## WORK TO BE COMPLETED
Print the listing in its entirety and exactly, leaving out images.
==== PROVIDED MATERIAL ====
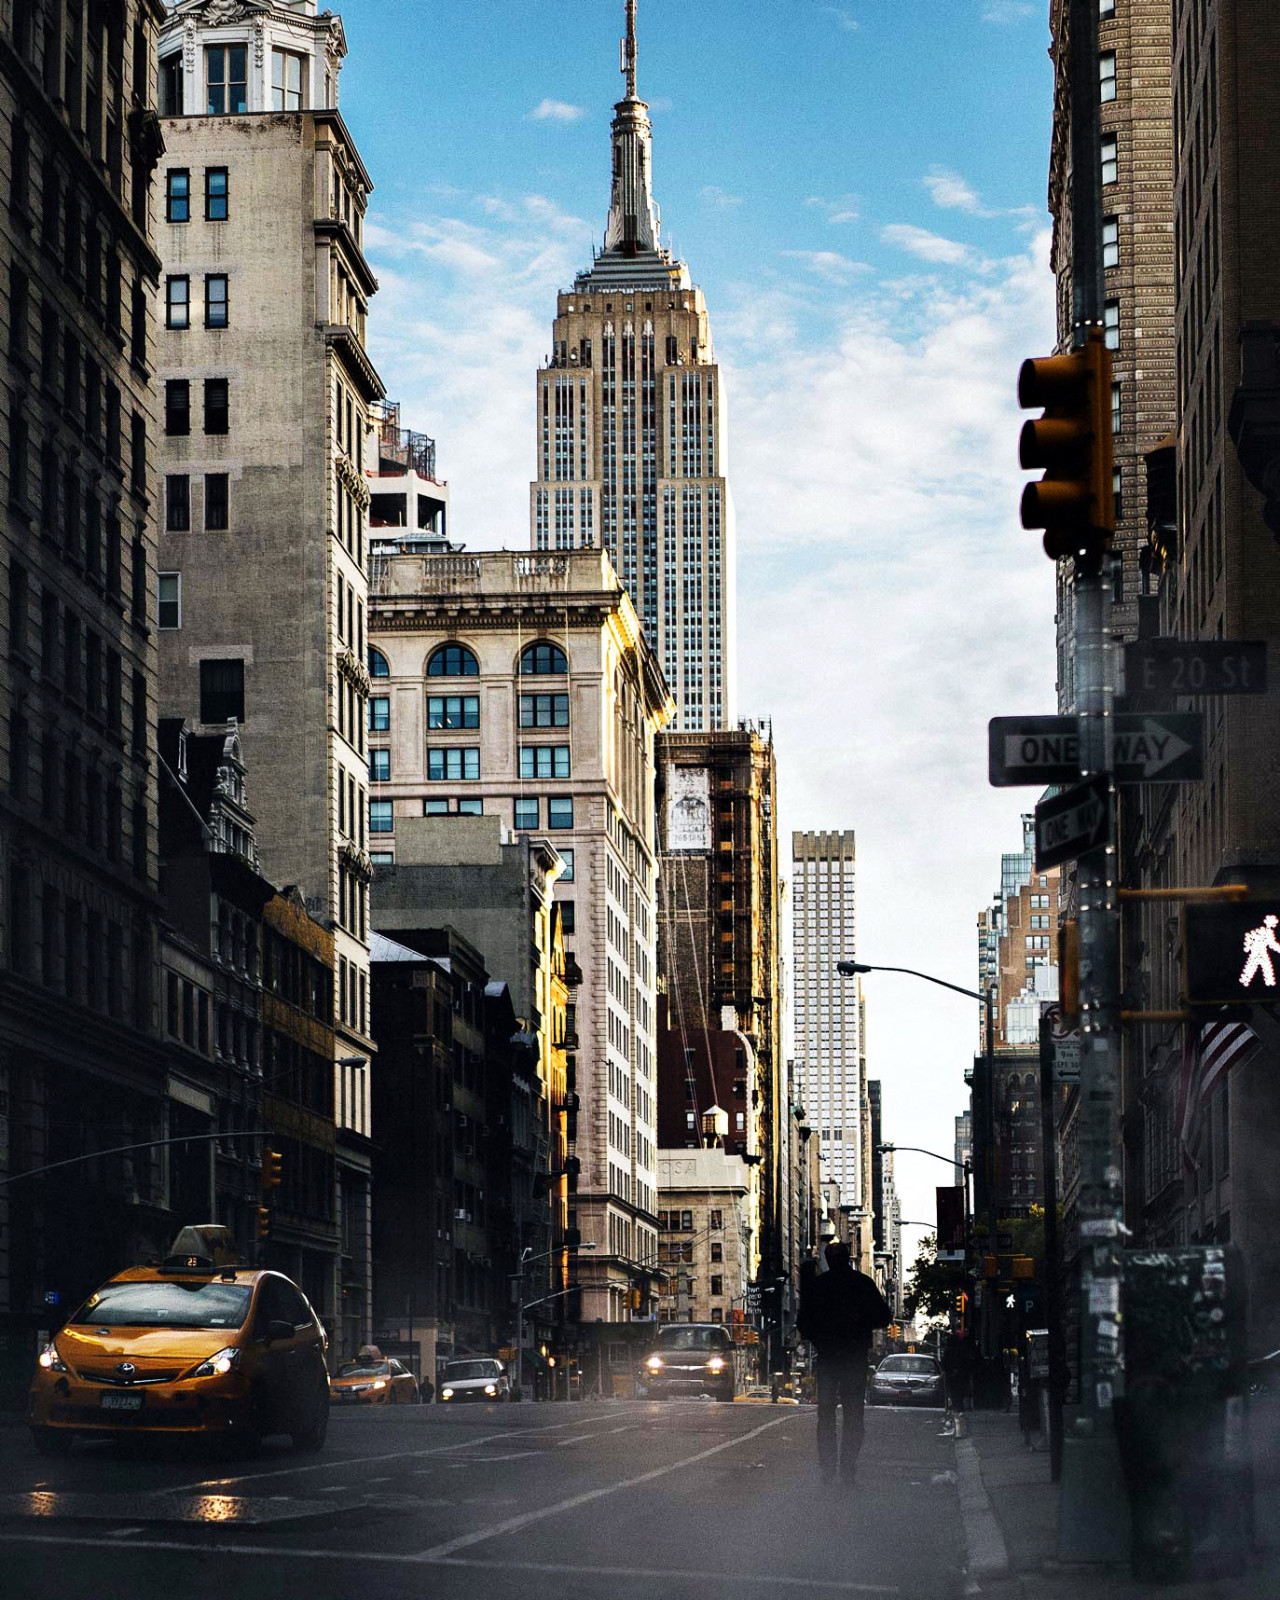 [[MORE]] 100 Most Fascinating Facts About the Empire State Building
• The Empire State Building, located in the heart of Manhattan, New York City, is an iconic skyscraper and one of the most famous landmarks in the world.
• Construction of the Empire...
====
## RESPONSE
 [[MORE]] 100 Most Fascinating Facts About the Empire State Building
• The Empire State Building, located in the heart of Manhattan, New York City, is an iconic skyscraper and one of the most famous landmarks in the world.
• Construction of the Empire...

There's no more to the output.